TASK TO COMPLETE ▸
Your copy of the data should match it exactly, except that the pictures are gone.

INFORMATION SHOWN ▸
▬▬▬

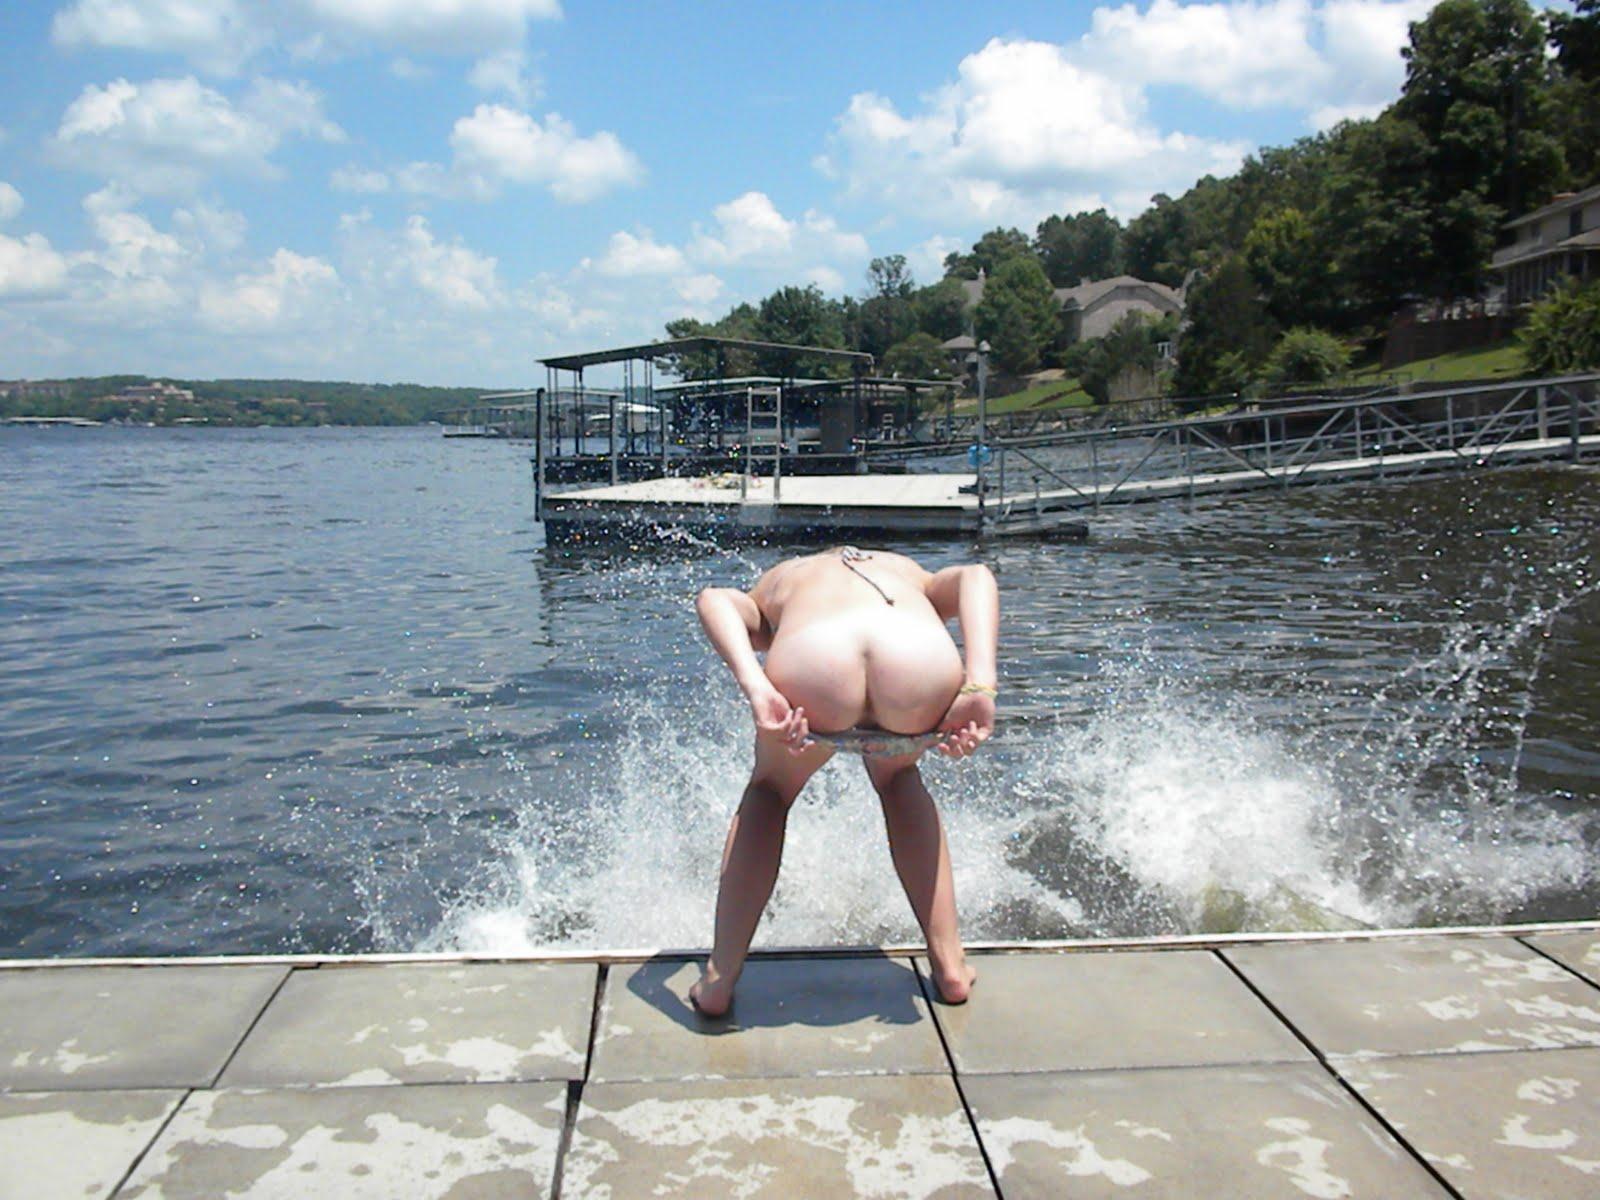 Naked teen movietures mooning gay austin 5
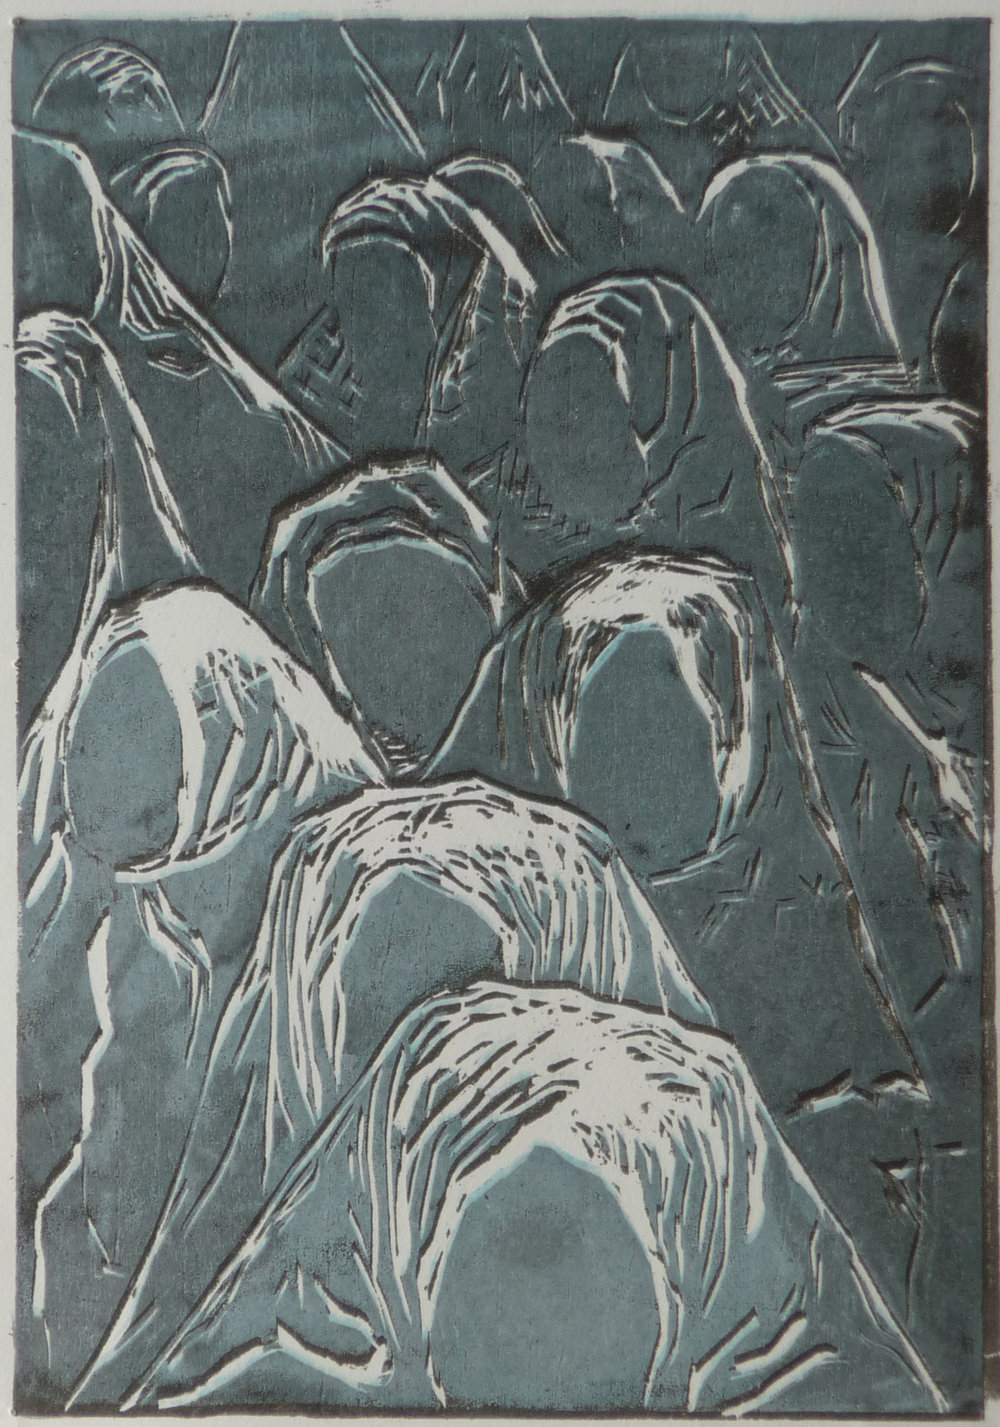 Groep, woodcut, 17,2 x 15 cm, 2016
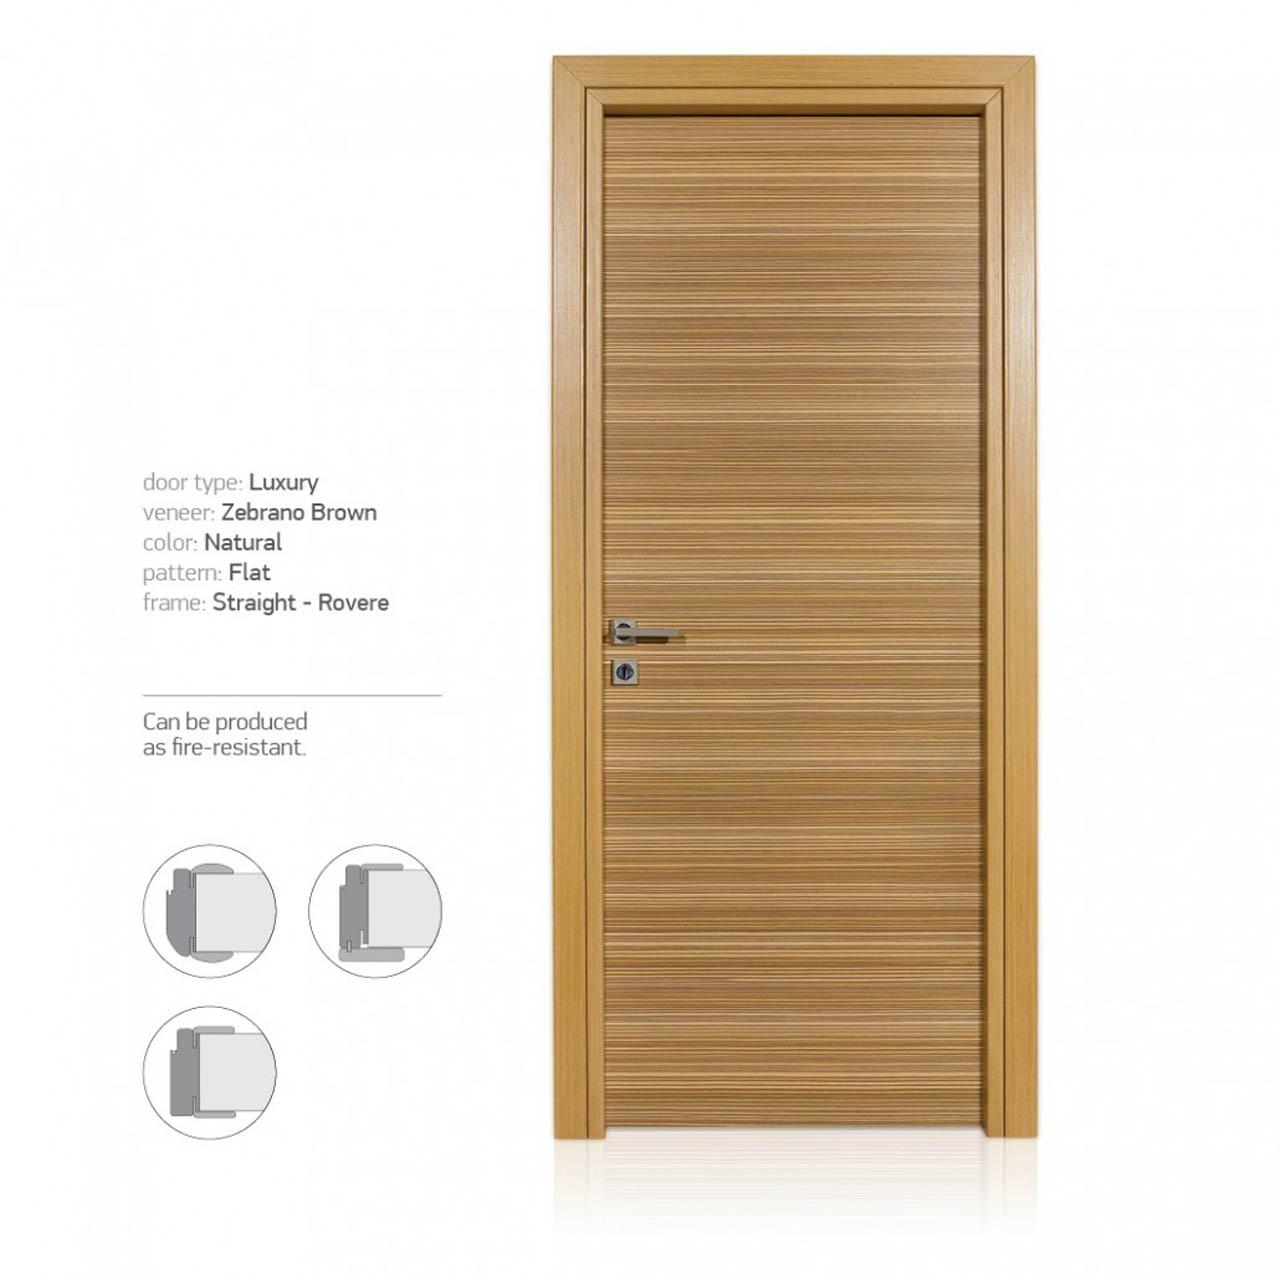 portes-site-luxury-eng8-1030x1030

▬▬▬

EXERCISE ANSWER ▸
 Naked teen movietures mooning gay austin 5
 Groep, woodcut, 17,2 x 15 cm, 2016
 portes-site-luxury-eng8-1030x1030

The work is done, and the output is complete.